Castillo v. State

Per Curiam.

Victor Castillo petitions for a writ of habeas corpus, alleging several claims of ineffective assistance of appellate counsel with respect to his appeal of his racketeering and conspiracy to commit racketeering convictions. We find that appellate counsel was ineffective in failing to argue that the two predicate incidents proved by the State did not occur within five years of each other and therefore did not meet the definition of a “pattern of racketeering activity” under section 895.02(4), Florida Statutes (2007). We thus grant Castillo a new appeal, limited to this issue. We deny Castillo’s petition as to the remaining claims without comment.

Background

Castillo was convicted of racketeering and conspiracy to commit racketeering, arising out of activity related to a criminal gang known as SUR 13. To support the racketeering count, the State charged Castillo with five predicate incidents, but the jury found that he committed only two: (1) resisting arrest without violence, committed on July 9, 2000; and (2) possession of cocaine and battery, committed on May 27, 2006.1

After the jury returned its verdict, defense counsel moved for arrest of judgment on the ground that the two predicate incidents proved by the State did not occur within the proper time period to constitute a pattern of racketeering activity under the statute. However, counsel misstated that the time period was three years and that the period “goes to the entire enter*932prise and not to the individual, citing Ariano v. State, 961 So.2d 366 (Fla. 4th DCA 2007). The trial court denied the motion. Castillo was sentenced to thirty years in prison for racketeering and fifteen years for conspiracy, to be served consecutively.
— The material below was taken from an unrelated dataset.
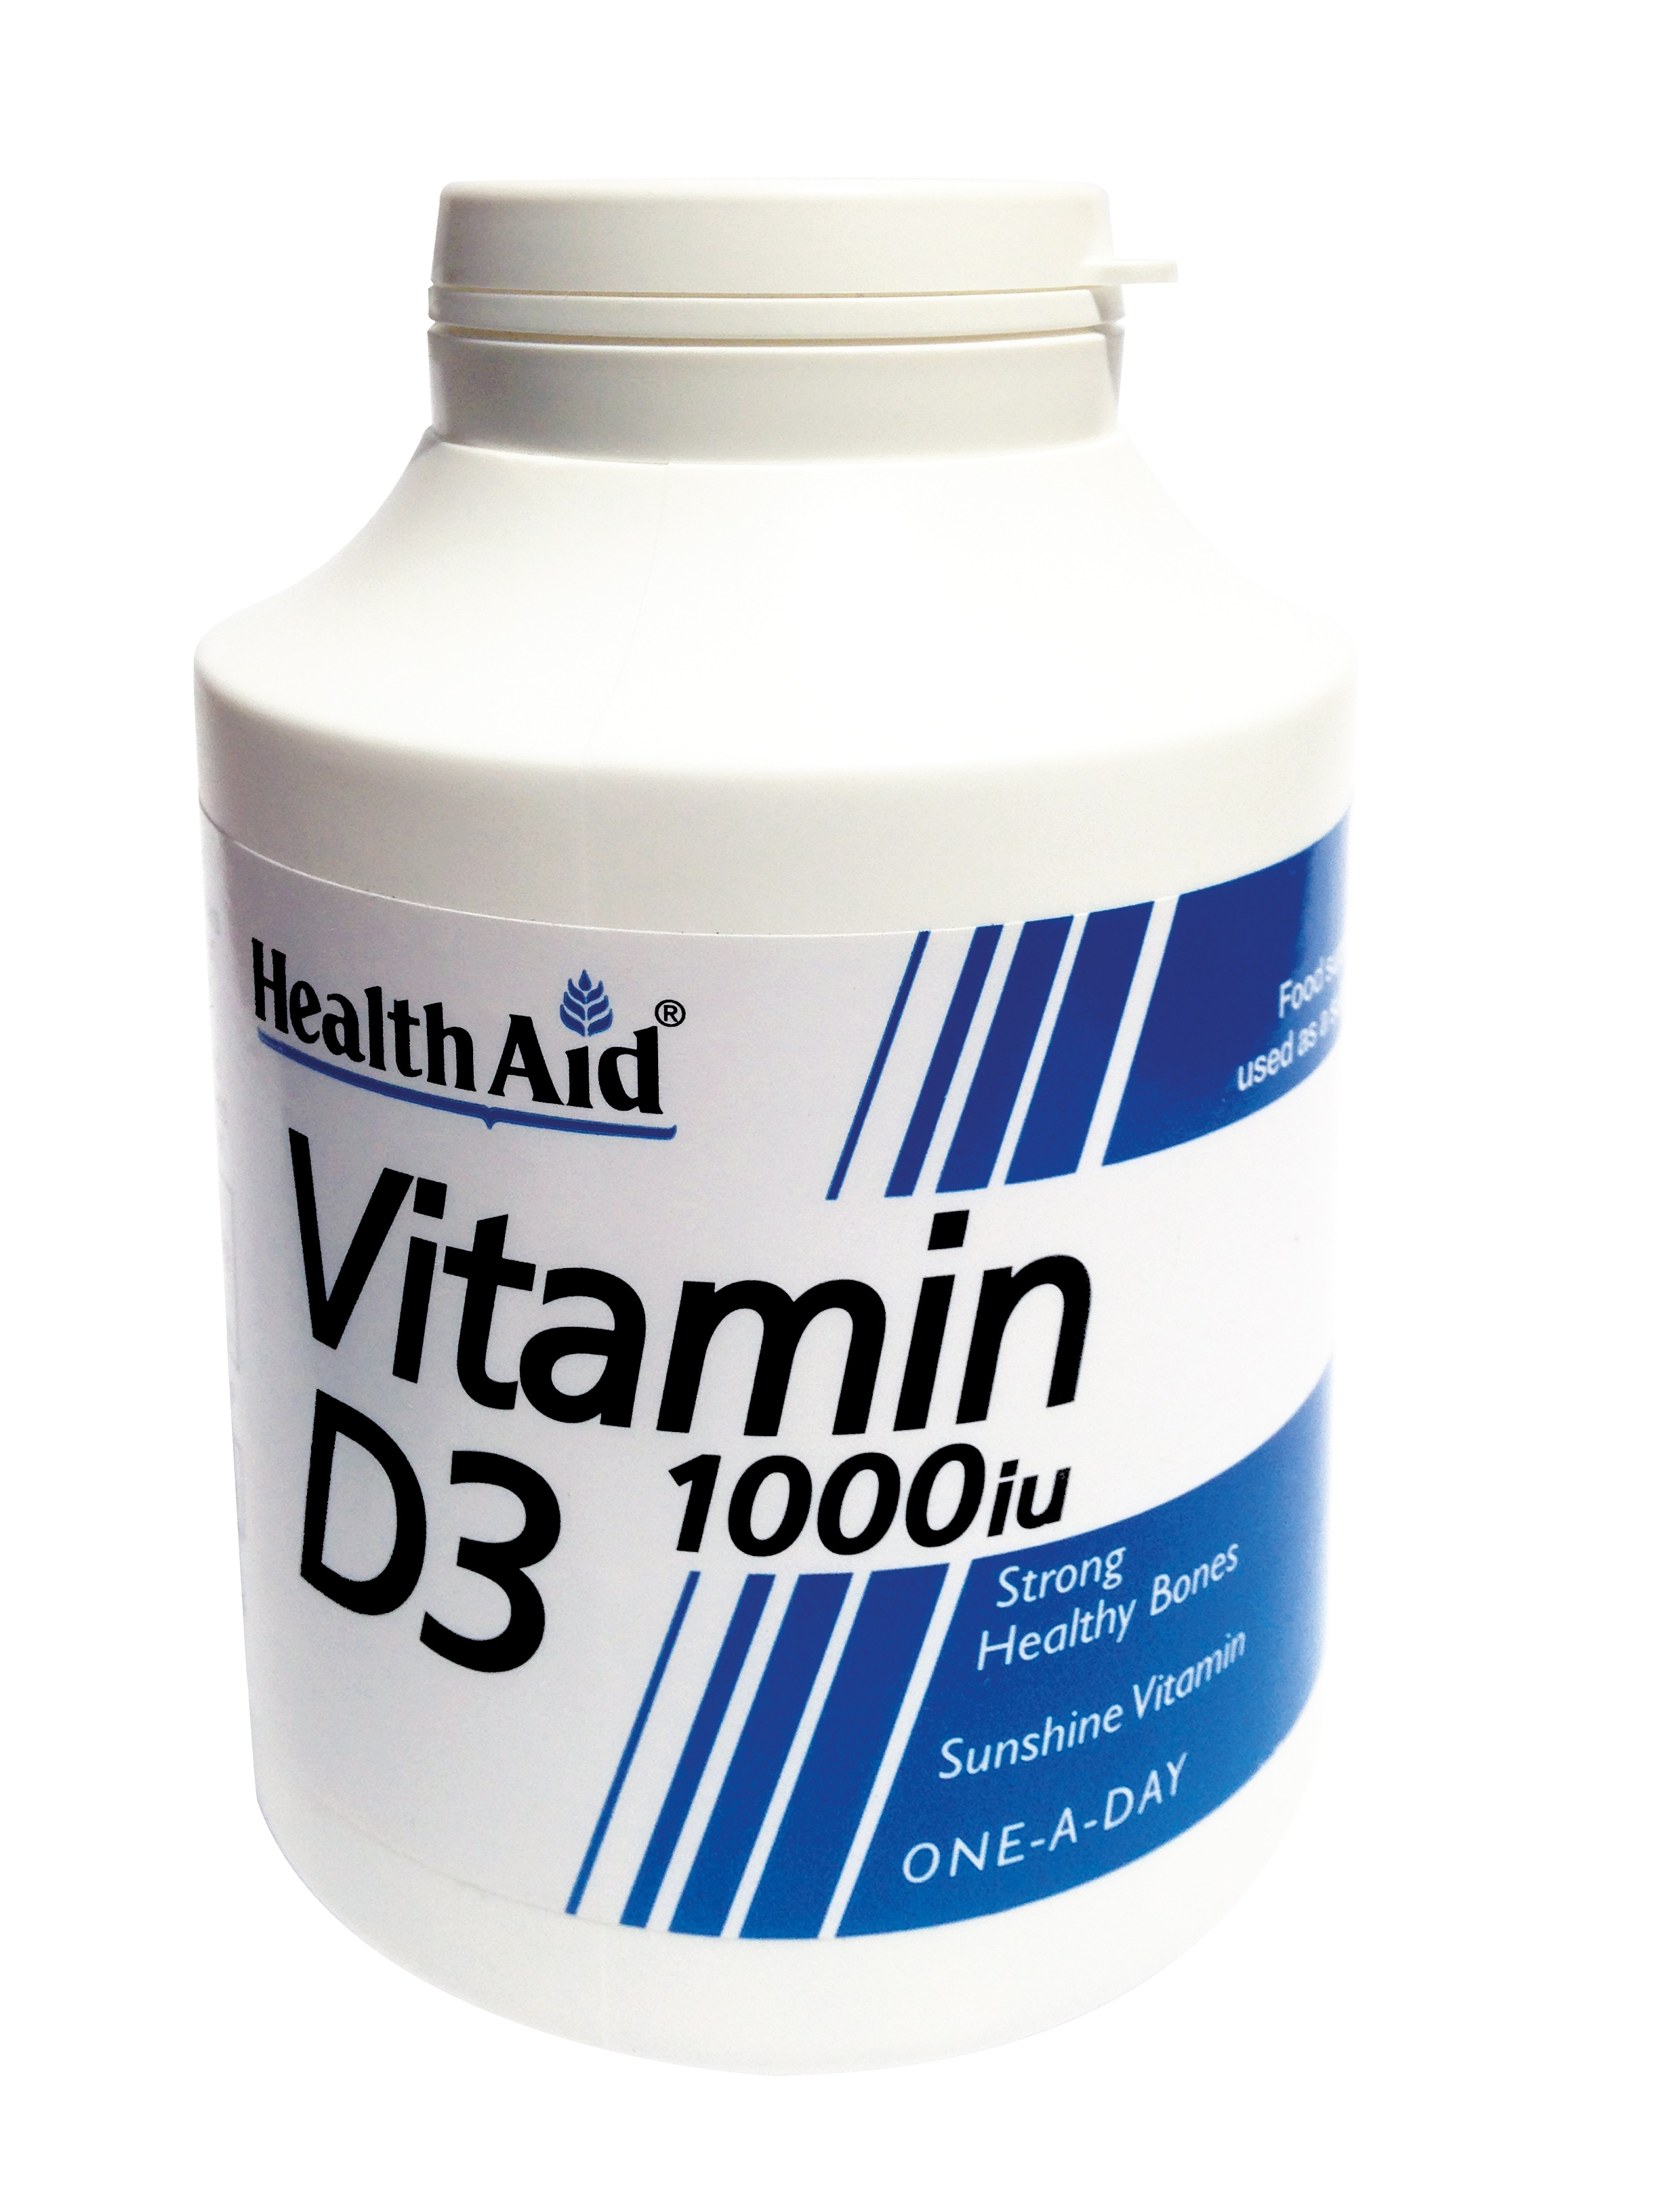 Vitamin D3 1000iu  1000's

Appellate counsel did not challenge the denial of the motion for arrest of judgment on direct appeal. We affirmed. Castillo v. State, 170 So.3d 112 (Fla. 4th DCA 2015).

Analysis

Castillo timely filed this petition alleging ineffective assistance of appellate counsel. See Fla. R. App. P. 9.141(d)(5). Relief is warranted on such a petition where counsel’s omission “constitute[s] a serious error or substantial deficiency falling measurably outside the range of professionally acceptable performance” and the error “compromised the appellate process to such a degree as to undermine confidence in the correctness of the result.” Rutherford v. Moore, 774 So.2d 637, 643 (Fla. 2000) (quoting Thompson v. State, 759 So.2d 650, 660 (Fla. 2000)). We find that burden to be met in this case.

To support the racketeering conviction alleged in this case, the State must prove (1) the defendant was associated with an enterprise, and (2) the defendant participated in the enterprise through a pattern of racketeering activity. See § 895.03(3), Fla. Stat. (2007). A “pattern of racketeering activity” is defined as personally engaging in at least two interrelated incidents of racketeering conduct, “provided at least one of such incidents occurred after the effective date of this act and that the last of such incidents occurred within 5 years after a prior incident of racketeering conduct.” § 895.02(4), Fla. Stat. (emphasis added); see also de la Osa v. State, 158 So.3d 712, 725-28 (Fla. 4th DCA 2015). Here, the State proved that Castillo engaged in two interrelated incidents of racketeering conduct, but they occurred more than five years apart, on July 9, 2000, and May 27, 2006.

Conclusion

As set forth above, appellate counsel was ineffective in failing to argue that the trial court erred in denying the motion for arrest, of judgment as to the racketeering conviction, and we thus grant a new appeal. Said appeal is to be limited to this issue.2

This opinion shall be filed with the lower tribunal and treated as the notice of belated appeal of the judgment and sentence. Upon receipt, the clerk of the lower court shall certify a copy of this opinion to this Court in accordance with Florida Rule of Appellate Procedure 9.040(g). The appeal shall proceed under a new case number, which shall be assigned upon receipt in this Court of the certified opinion. All time requirements of the Florida Rules of Appellate Procedure shall run from the date of this opinion. If petitioner qualifies for appointed counsel, the trial court shall appoint counsel to represent him on appeal.

Petition granted.

Damoorgian, Levine and Forst, JJ., concur.

. Under Florida law, in contrast to federal law, multiple crimes committed at the same time qualify as only one predicate incident. State v. Russo, 493 So.2d 504, 505 (Fla. 4th DCA 1986); see also State v. Lucas, 600 So.2d 1093, 1095-96 (Fla. 1992) (recognizing the Russo holding but distinguishing its applicability to the specific facts presented).

. We reject the State’s argument that the error was not preserved for appeal.